> [WHAT TO WORK ON] In the entries below, find the line with "Hôtel-restaurant de dix-huit" and the line with "Tech 21 VT Bass Deluxe Effect Pedal". Print those two and everything between them exactly, and nothing else.

> [RECORDS FOR THIS TASK]
--
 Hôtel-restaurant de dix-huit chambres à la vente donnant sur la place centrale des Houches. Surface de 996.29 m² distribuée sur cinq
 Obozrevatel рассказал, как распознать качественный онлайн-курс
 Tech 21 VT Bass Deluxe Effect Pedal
--
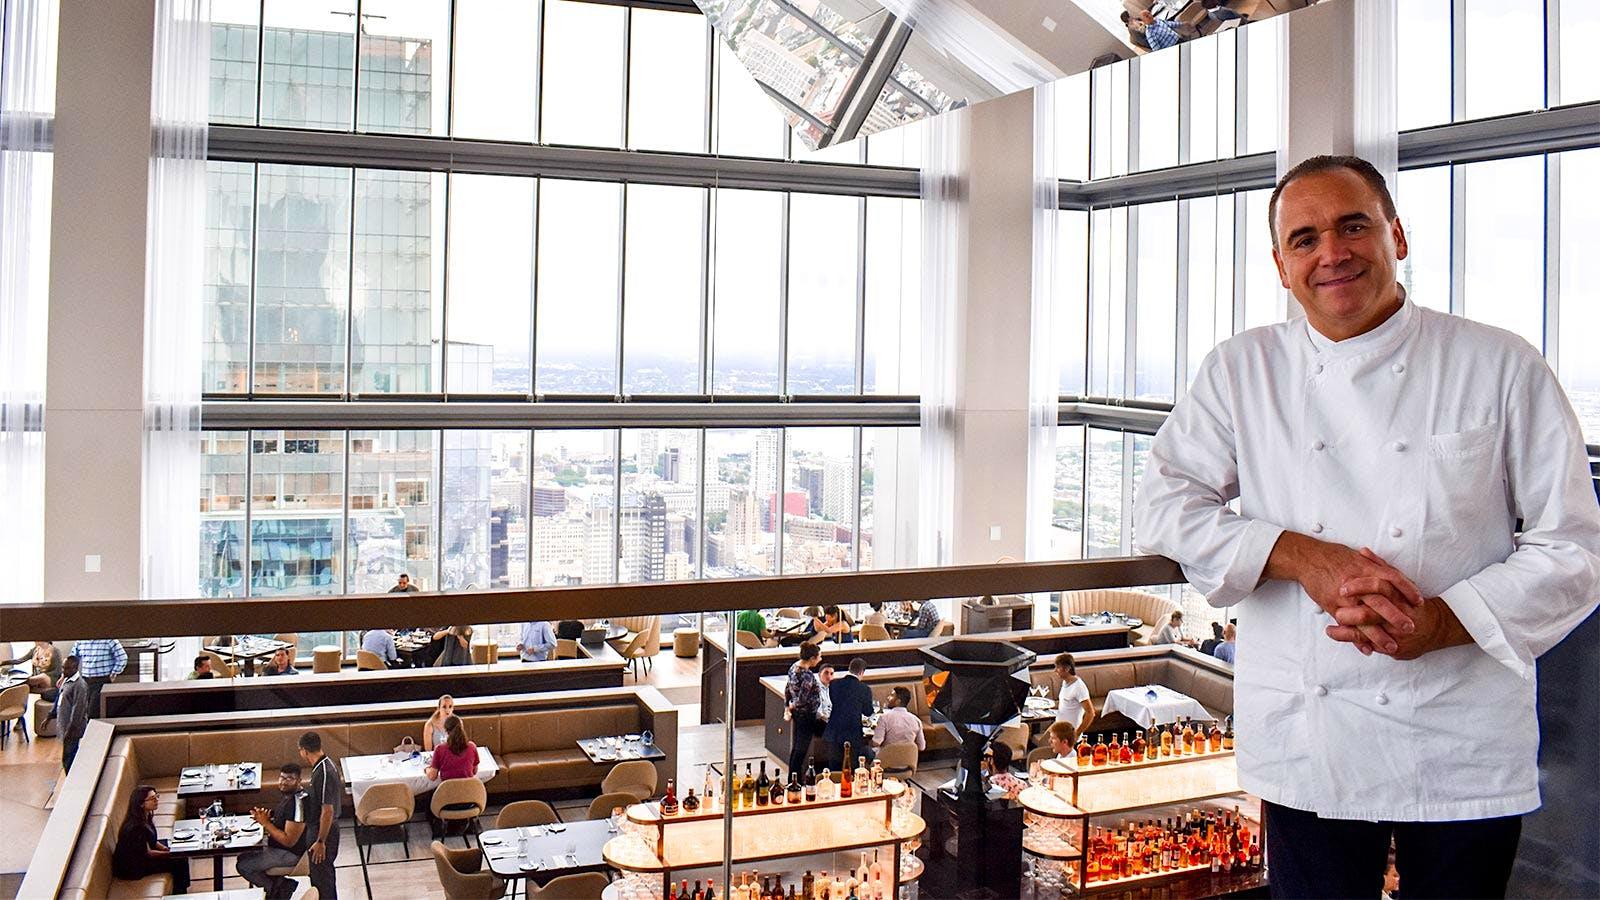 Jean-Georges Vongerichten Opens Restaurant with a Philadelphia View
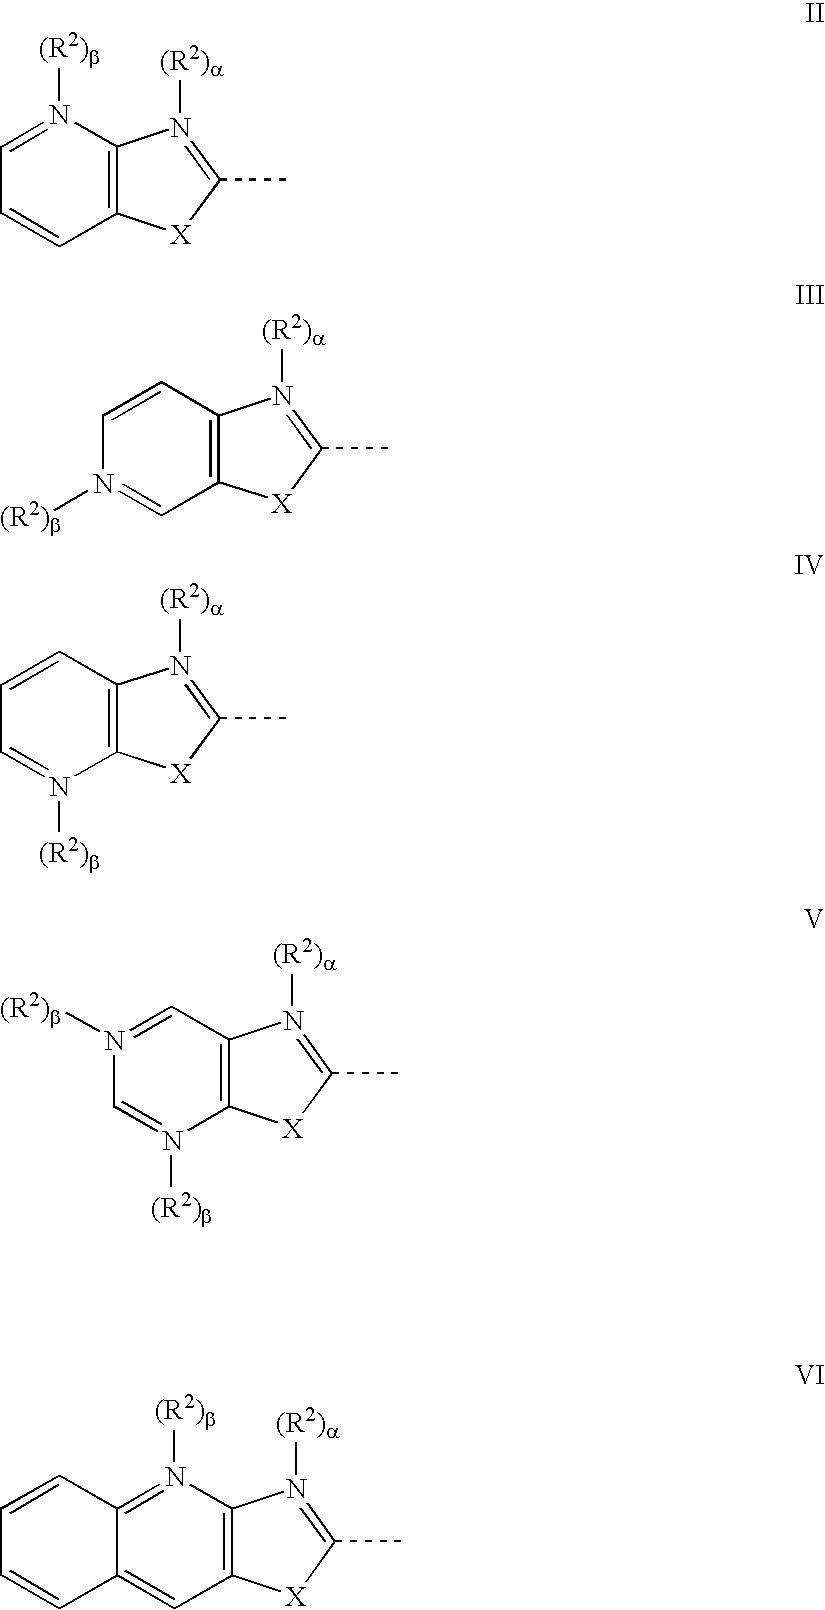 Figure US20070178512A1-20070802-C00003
--
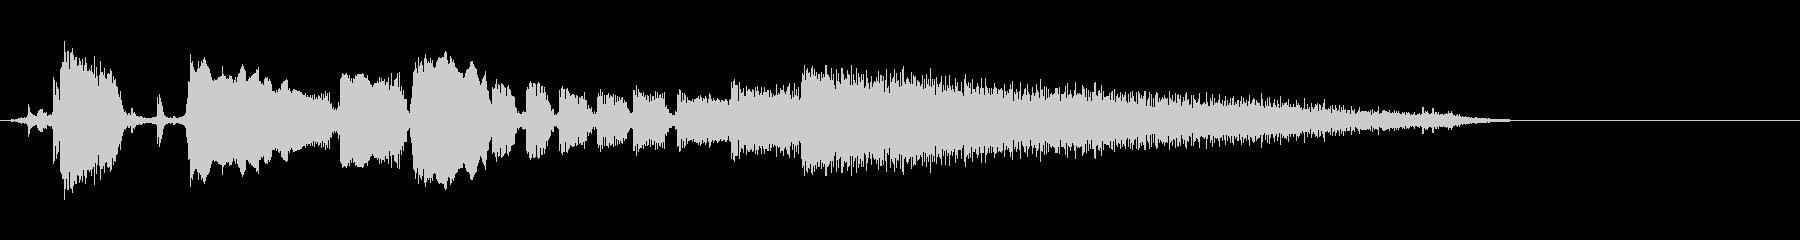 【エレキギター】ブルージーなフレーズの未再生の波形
--
> [WRITTEN SOLUTION]
 Hôtel-restaurant de dix-huit chambres à la vente donnant sur la place centrale des Houches. Surface de 996.29 m² distribuée sur cinq
 Obozrevatel рассказал, как распознать качественный онлайн-курс
 Tech 21 VT Bass Deluxe Effect Pedal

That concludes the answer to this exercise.